▶ **Action item**
From the first line to the last, repeat the data exactly but leave out the pictures.

▶ **Data excerpt**
^^^^^^^^

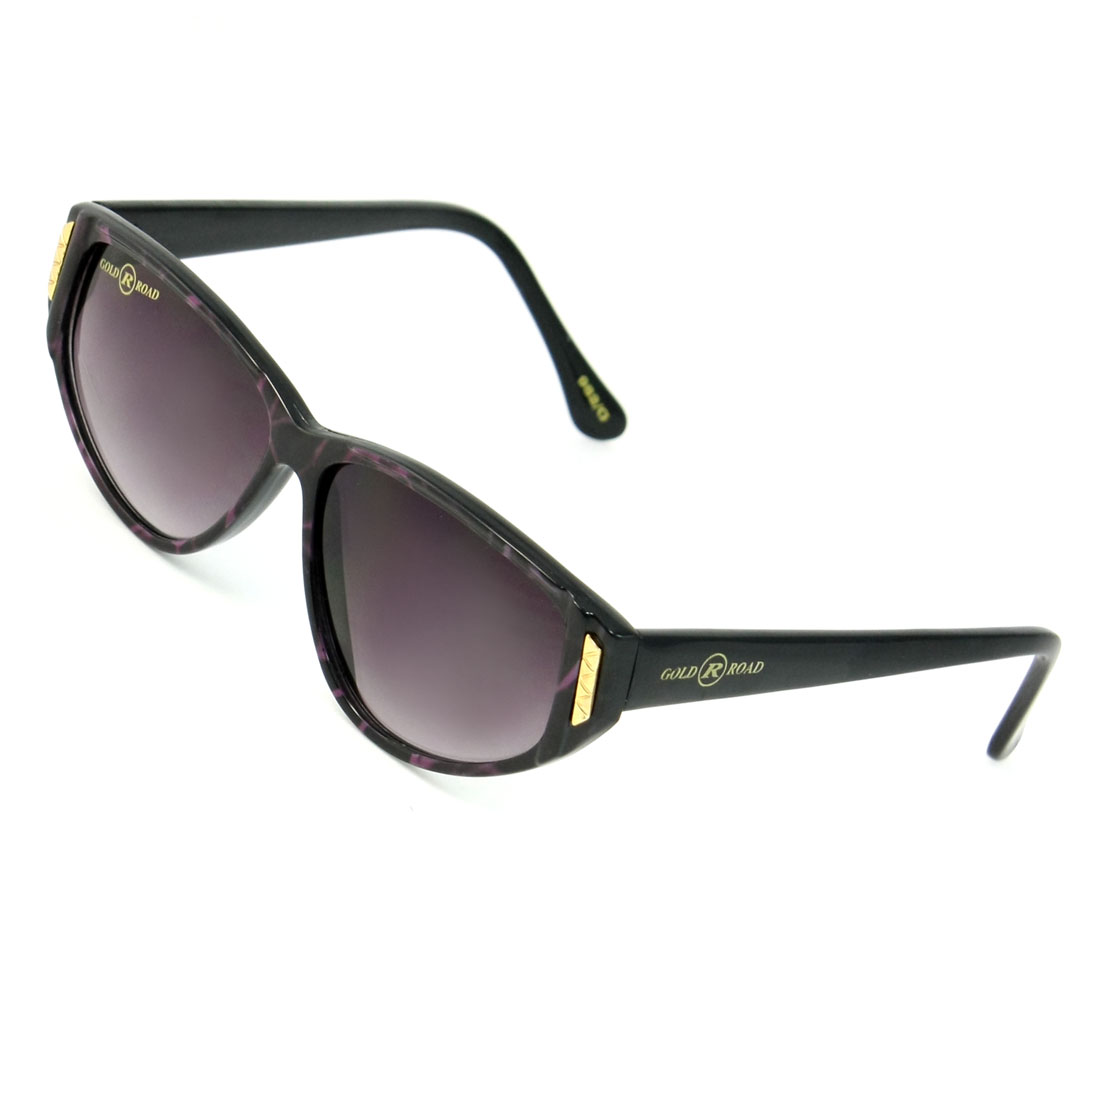 Clear Gray Teardrop Lens Metal Decor Plastic Full Rim Sunglasses Glasses for Ladies
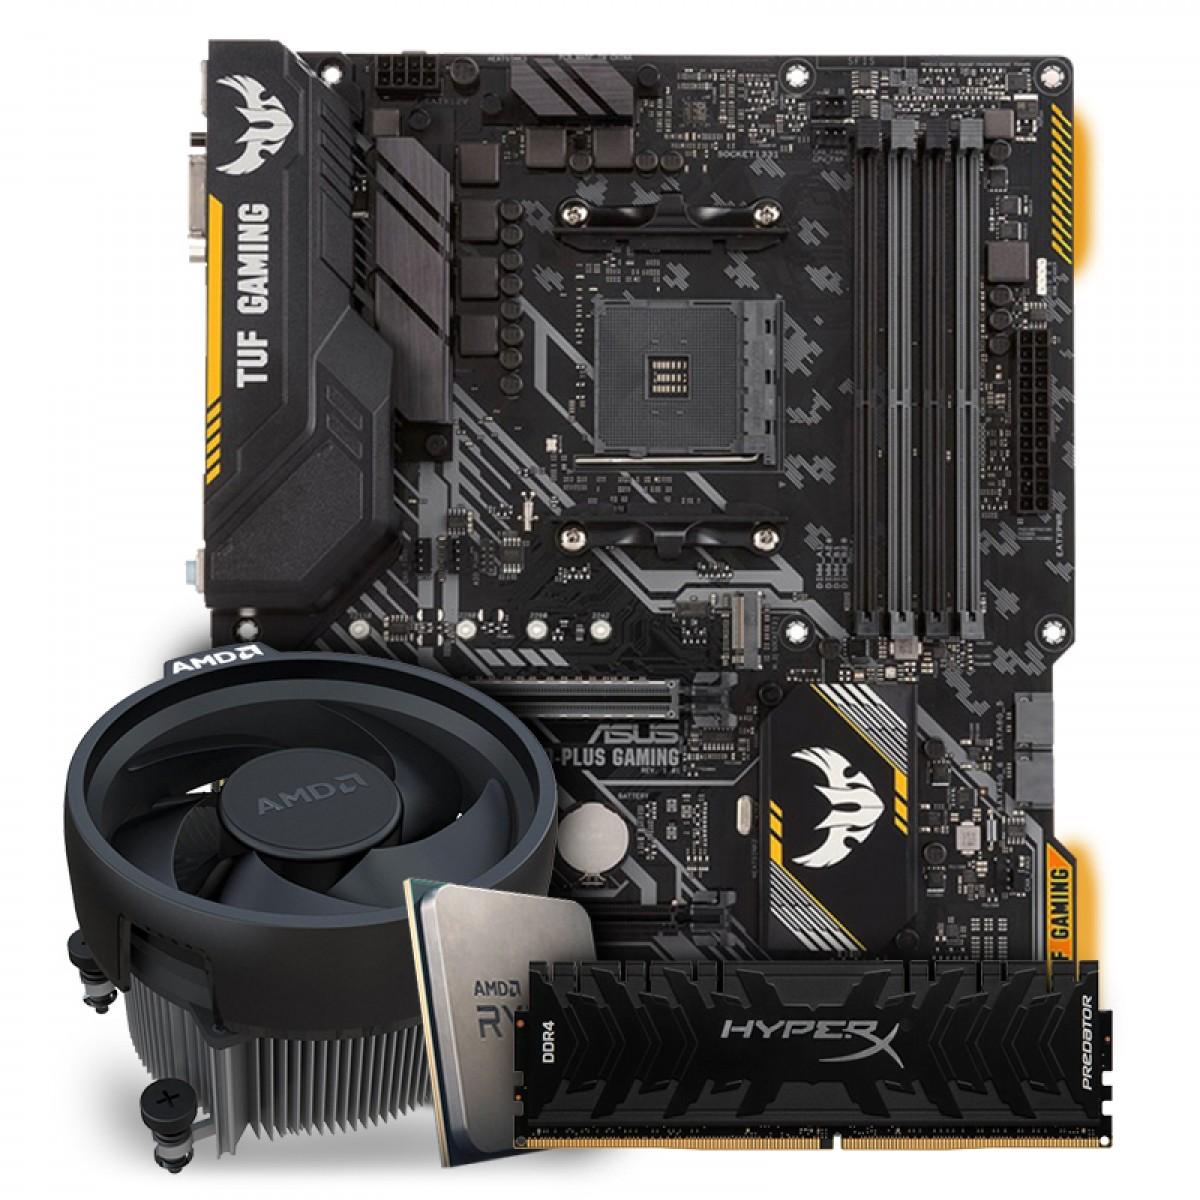 Kit Upgrade Placa Mãe Asus TUF B450-Plus Gaming, AMD AM4 + Processador AMD Ryzen 5 3600 3.6GHz + Memória DDR4 Kingston Hyperx Predator 8GB 3000MHZ
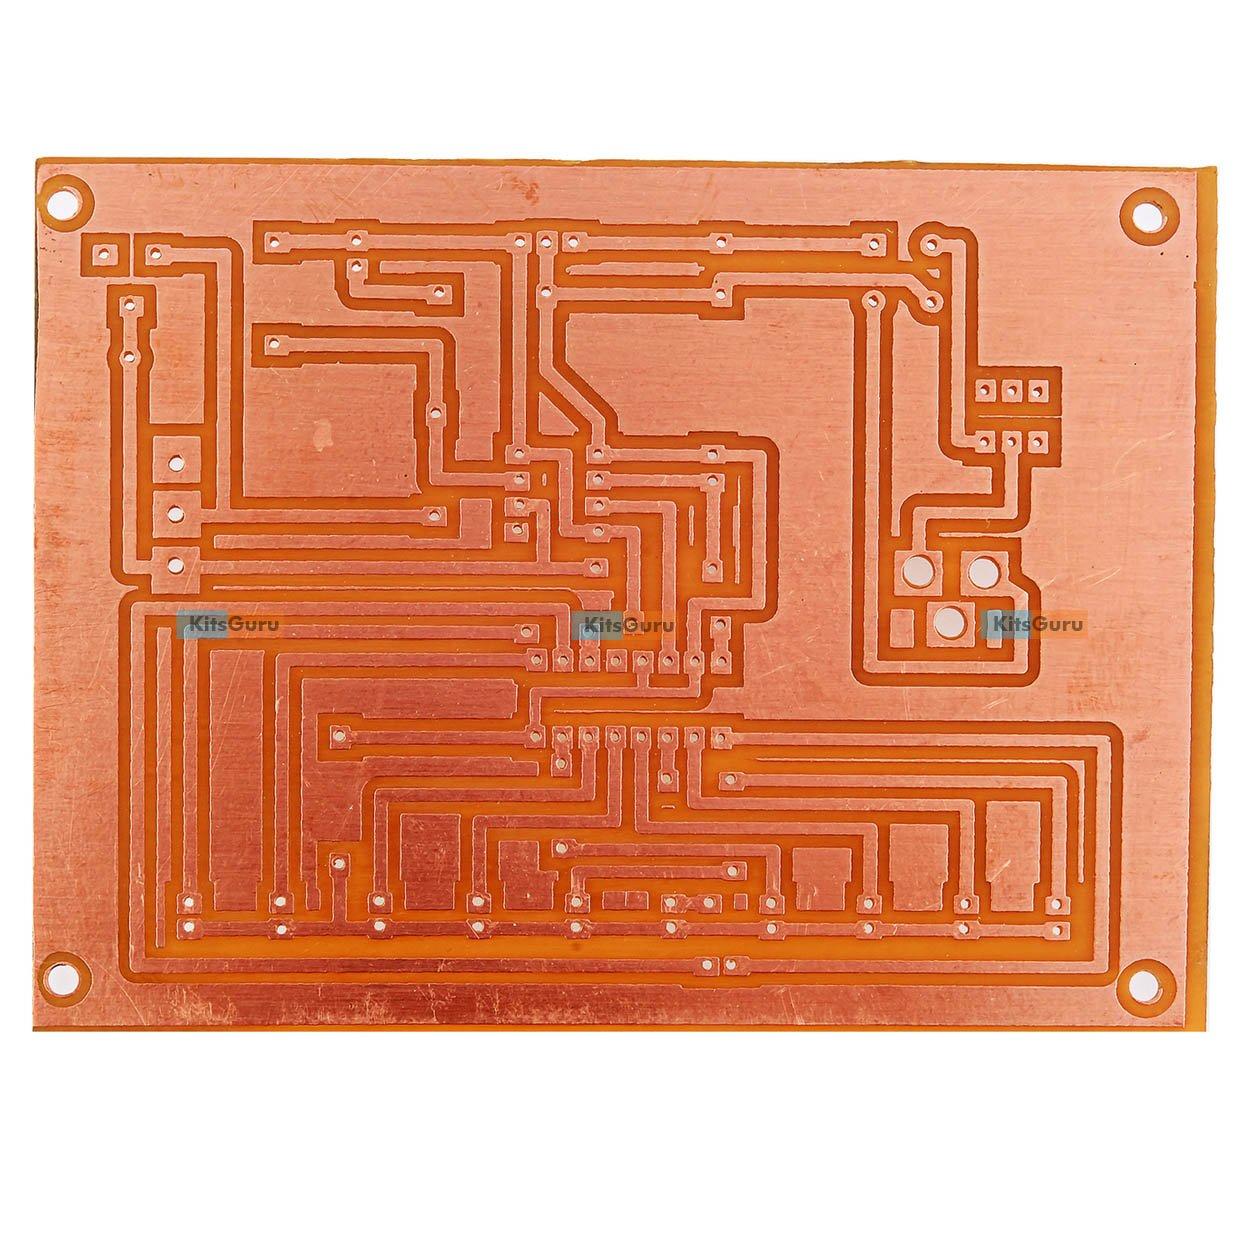 Kitsguru Diy Kit Led Chaser Circuit Lgkt078 Projects Amazon Home 555
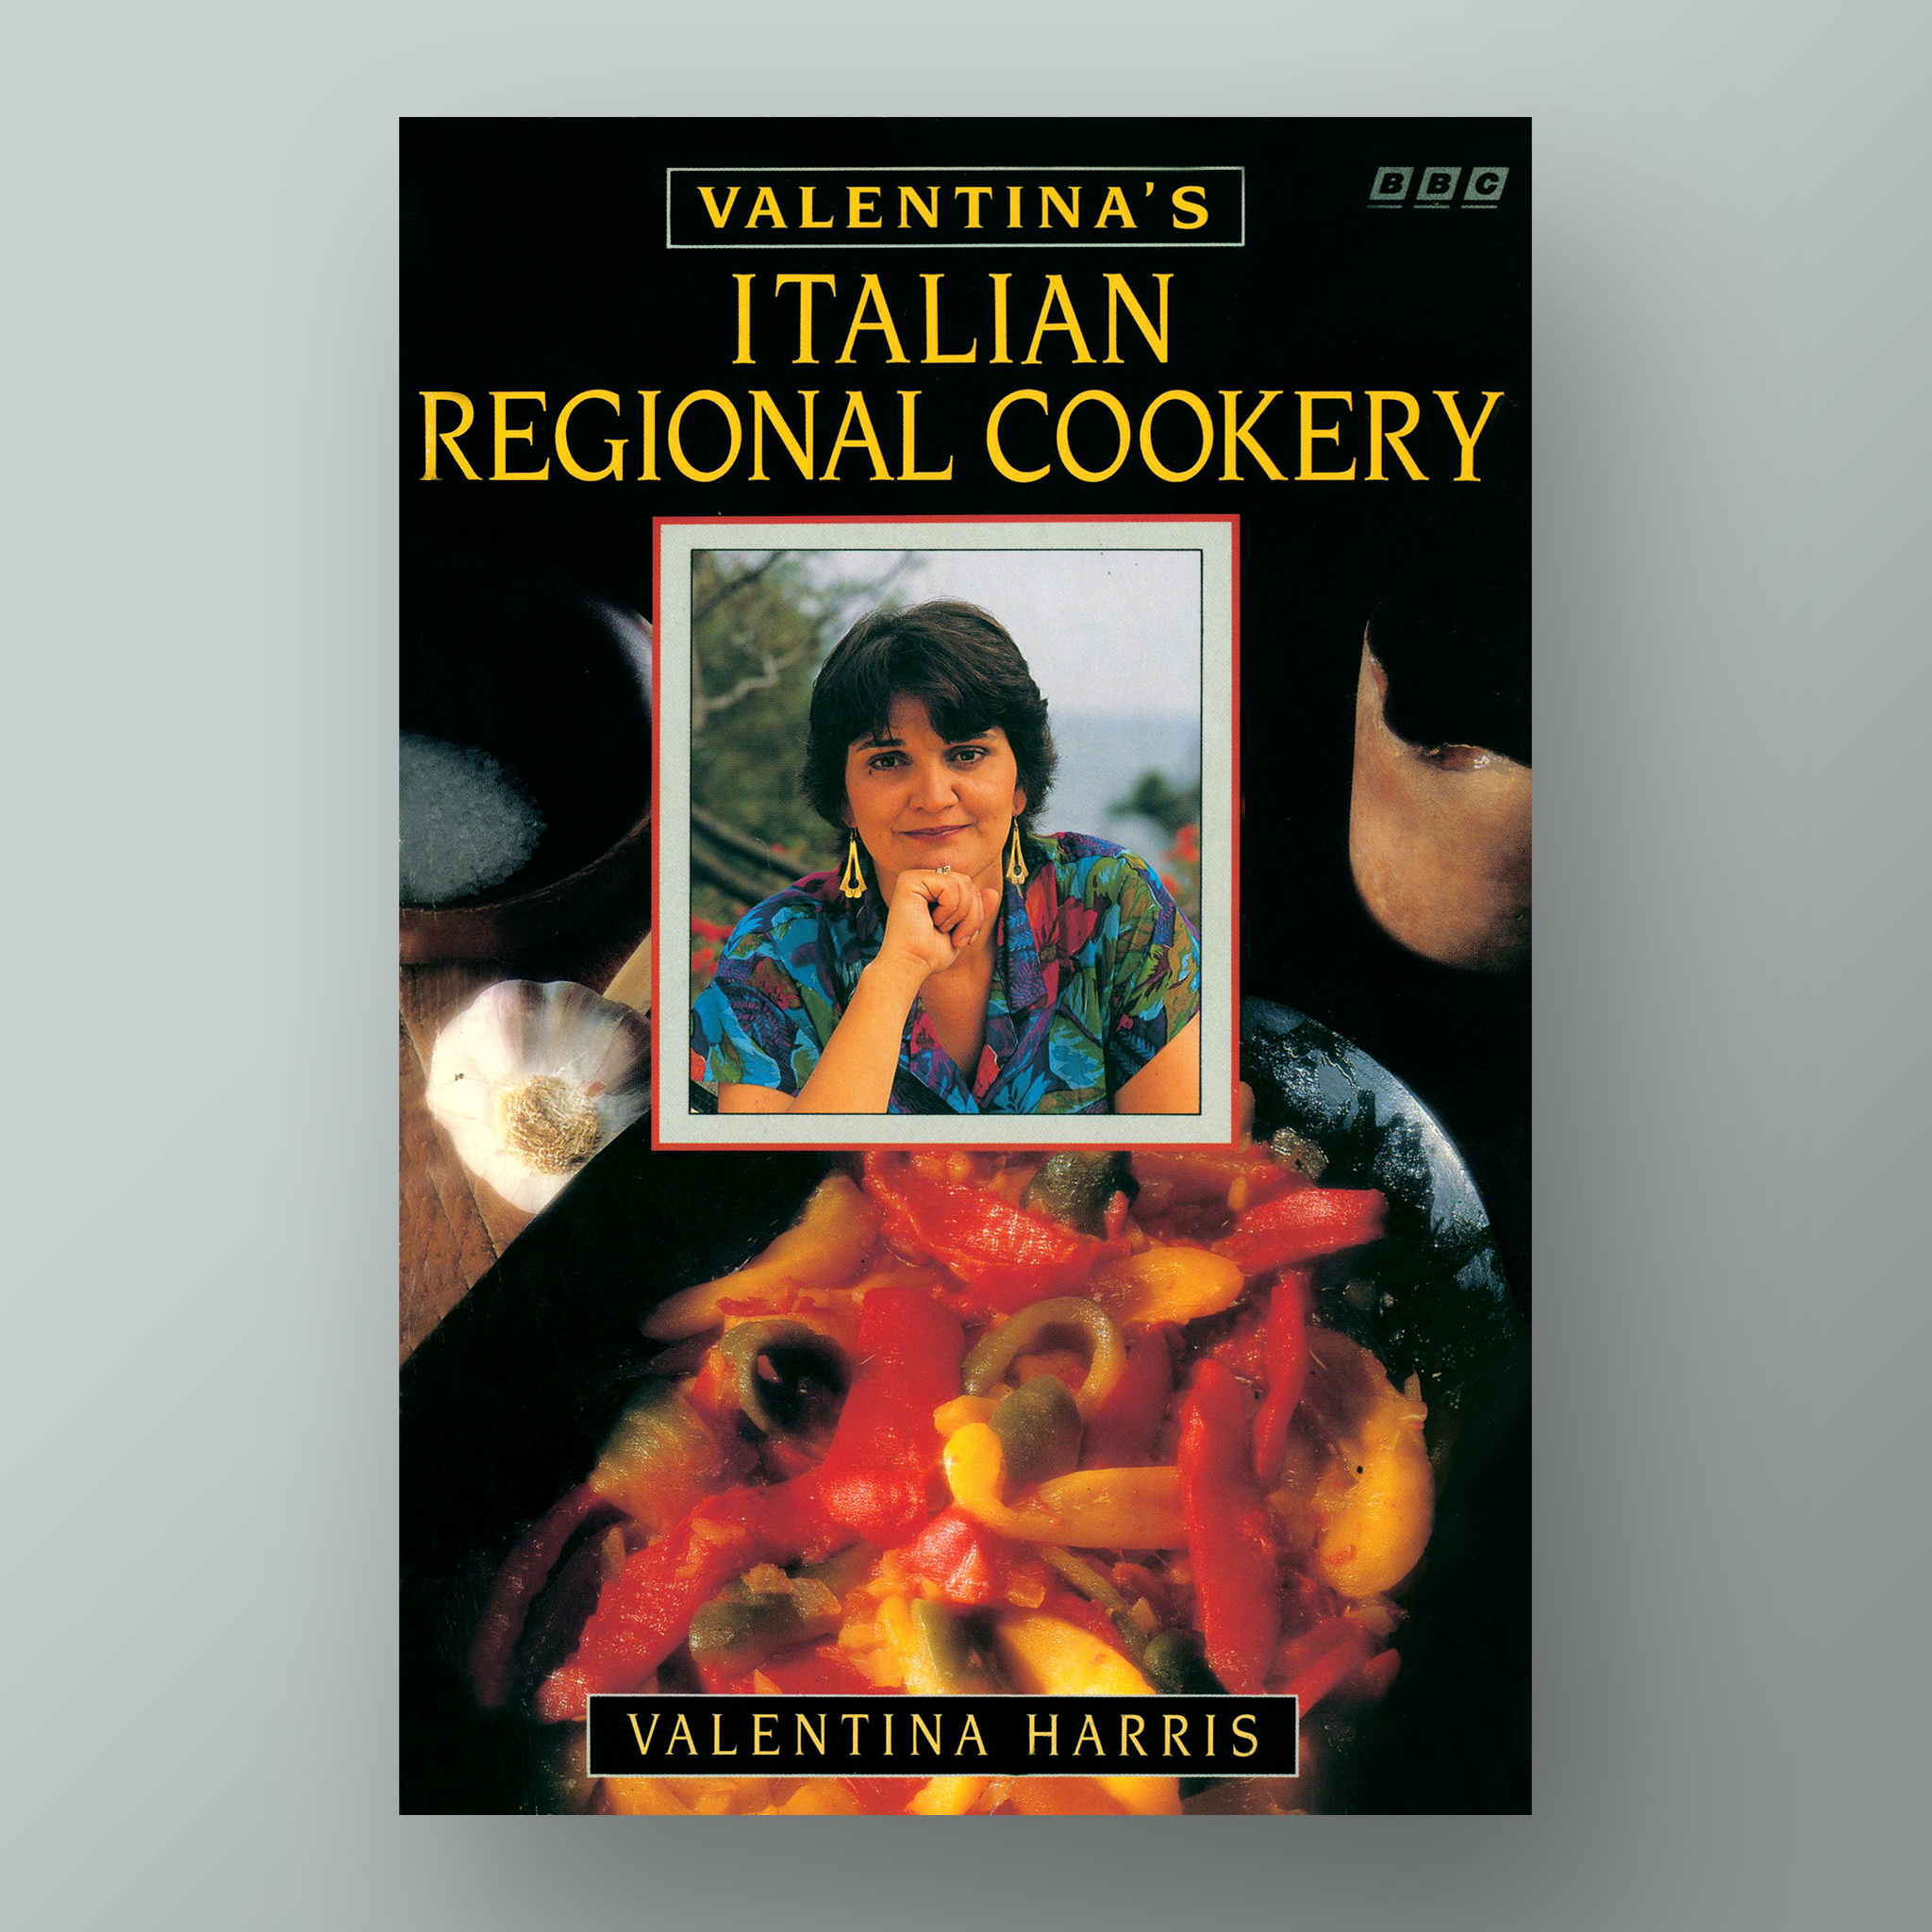 Valentina's Italian Regional Cookery  cookbook cover

^^^^^^^^

▶ **Output for this task**
 Clear Gray Teardrop Lens Metal Decor Plastic Full Rim Sunglasses Glasses for Ladies
 Kit Upgrade Placa Mãe Asus TUF B450-Plus Gaming, AMD AM4 + Processador AMD Ryzen 5 3600 3.6GHz + Memória DDR4 Kingston Hyperx Predator 8GB 3000MHZ
 Kitsguru Diy Kit Led Chaser Circuit Lgkt078 Projects Amazon Home 555
 Valentina's Italian Regional Cookery  cookbook cover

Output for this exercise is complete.